The decision highlights the fundamental differences, as the court put it, between public body CRO proceedings under POCA 2002 and private law proceedings for a worldwide freezing order. At the same time, it should be remembered that the decision to grant a freezing order where a CRO is in existence remains discretionary and will require consideration by the court of all the circumstances of the case.


The rise of cryptocurrency is presenting applicants and the courts with new challenges when it comes to defining the scope of freezing orders. Two issues in particular have been considered in recent cases:

(1) Whether cryptocurrency constitutes property such as to fall within an asset class that can be subject to a freezing order.

(2) The high degree of secrecy provided by cryptocurrency and the challenges this can pose in identifying respondents and the location of the currency and in establishing the court’s jurisdiction.

In respect of the first issue, there is clear authority confirming that cryptocurrency is property under the common law and that this may be subject to freezing orders, including proprietary injunctions. This was the view taken by the court in AA v Persons Unknown and Ors, Re Bitcoin [2019] EWHC 3556, adopting a legal statement commissioned by the UK Jurisdiction Taskforce shortly beforehand, and subsequently in Ion Science Ltd v Persons Unknown and others (unreported, 21 December 2020 (Commercial Court)).

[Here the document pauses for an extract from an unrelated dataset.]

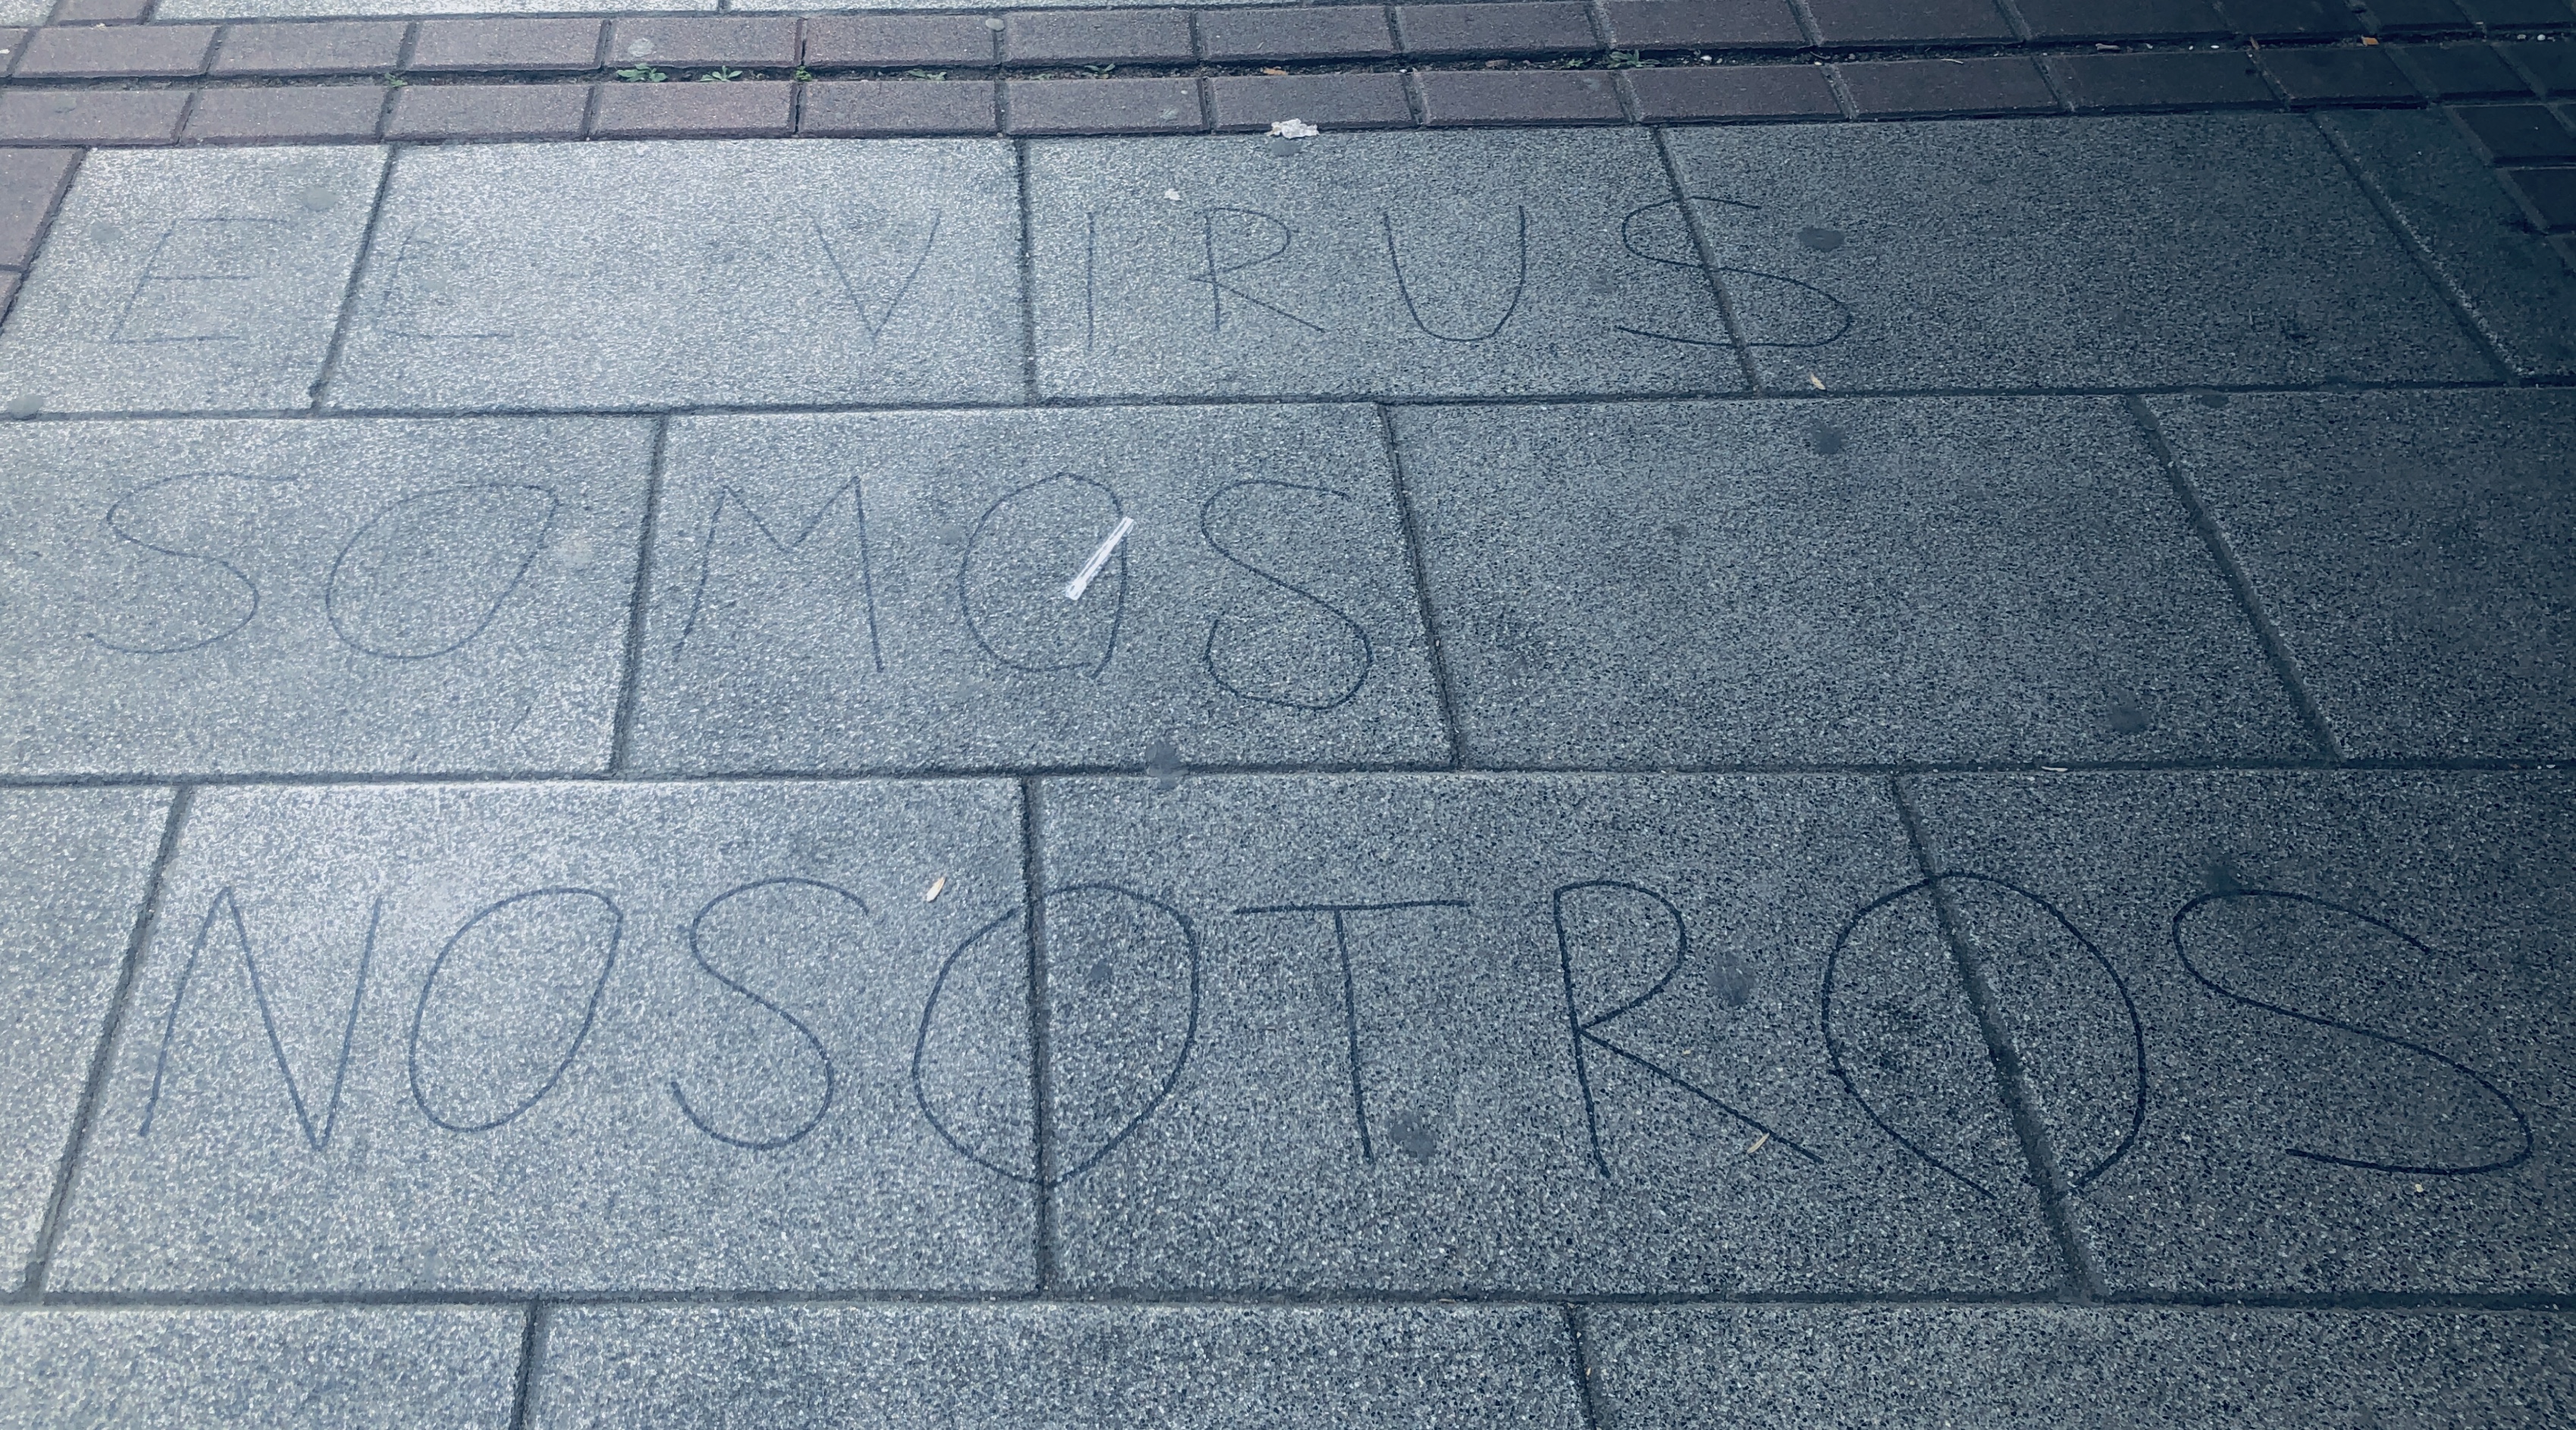 Street writing, “El Virus Somos Nosotros”

In the latter case, the court went on to consider its jurisdiction over persons unknown, where their location was not known, and the lex situs (or location) of a cryptoasset. It considered that there was a serious issue to be tried that the lex situs was the place where the person or company who owned it was domiciled. Here, the court considered that:

(1) the alleged fraud had occurred within the jurisdiction in view of representations made, transfers of funds and remote access that had been gained to the second applicant’s computer; and

(2) it related to Bitcoin that was, or had been, within the jurisdiction.

A similar approach was adopted in Ltd and another company v Persons Unknown Category A and others [2021] EWHC 2254 (Comm), where the court developed further the jurisprudence regarding defining persons unknown. Rejecting the first respondent’s original proposal to define persons unknown as too wide ranging, the court said that three categories of person should be identified in the order: those who were involved in the fraud; those who had received assets without having paid a full price for them; and innocent receivers. The court emphasised the importance of maintaining a careful focus on what relief was being sought against each category, limiting the relief available against innocent receivers in particular to those assets which they either knew, or ought reasonably to have known, belonged to the claimant or did not belong to them.

These represent but some of the issues that will confront applicants. Careful thought will need to be given to the information sought from respondents, including details of the relevant cryptocurrency wallets, as well as the volatility of cryptocurrency and the exposure this can present to the applicant when giving an undertaking in damages. While helpful jurisprudence has already developed on some issues, others remained to be examined by the courts, and it is likely that such a rapidly developing area will continue to pose novel issues for applicants and judges.